I remember Meniere's disease,my cousin use to describe it in those
words. It's a increases pressure in your ear,like fluid,it messes up
your balance but if i remmember it's fairly rare. But she said it made her
dizzy and had that out of body experience. Wow don't you have enough
problems stop it right now. Self-help cut down on salt sometimes fluides.
You might need a diuretic,there are pills but try some asparagus, When I
lay down to long and get up i kinda have this feeling,it could be a med.
Did you mention this to the Dr. Sue I wish we all felt better.

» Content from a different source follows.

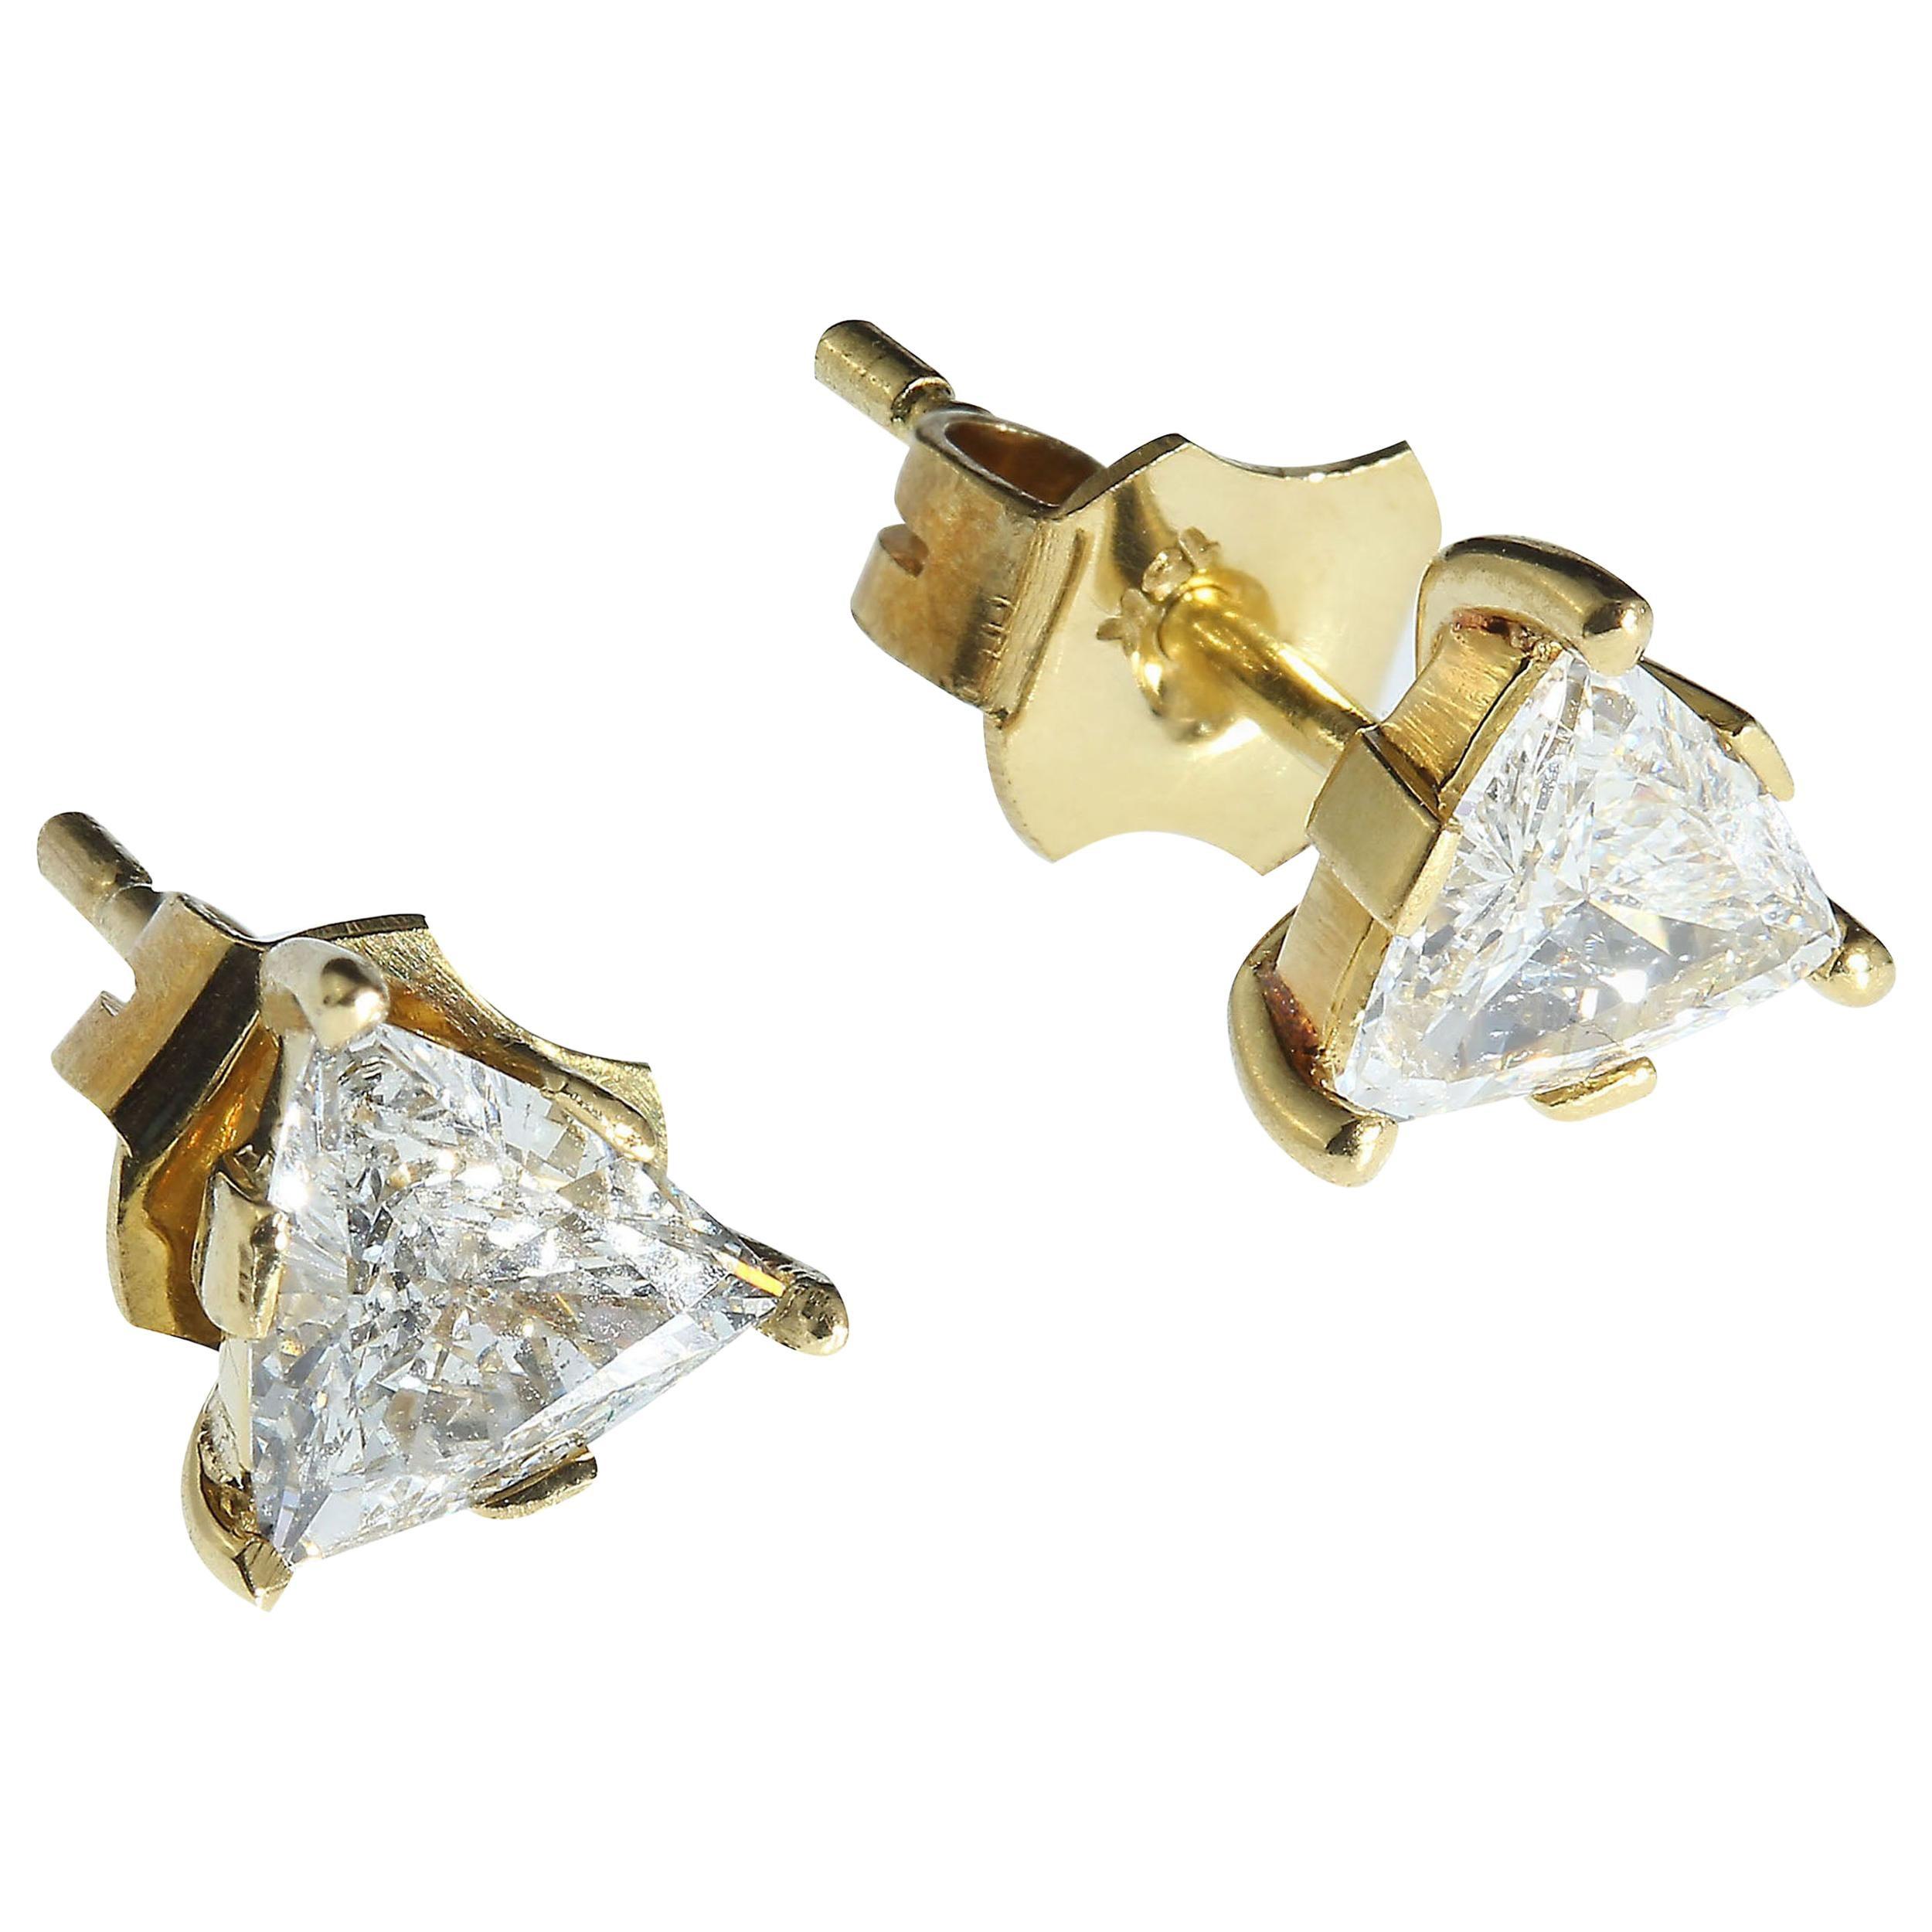 1.25 Carat Glittering Diamond Stud Earrings

Alan had Menieres syndrome a few years ago. The vertigo was really bad. Had to go to the emergency room. They said "you have vertigo". Like we didn't know what he had. They gave him Meclizine. It makes you drowsy.

He went to the ear nose and throat doctor who told him "you have menieres, stop eating salt. Alan stopped the salt and I think he has had one (maybe two, 3 second bouts of vertigo in as many years).

In his case, no salt equals no vertigo. So I make sure everything I give him is sodium free. I don't cook with salt or anything.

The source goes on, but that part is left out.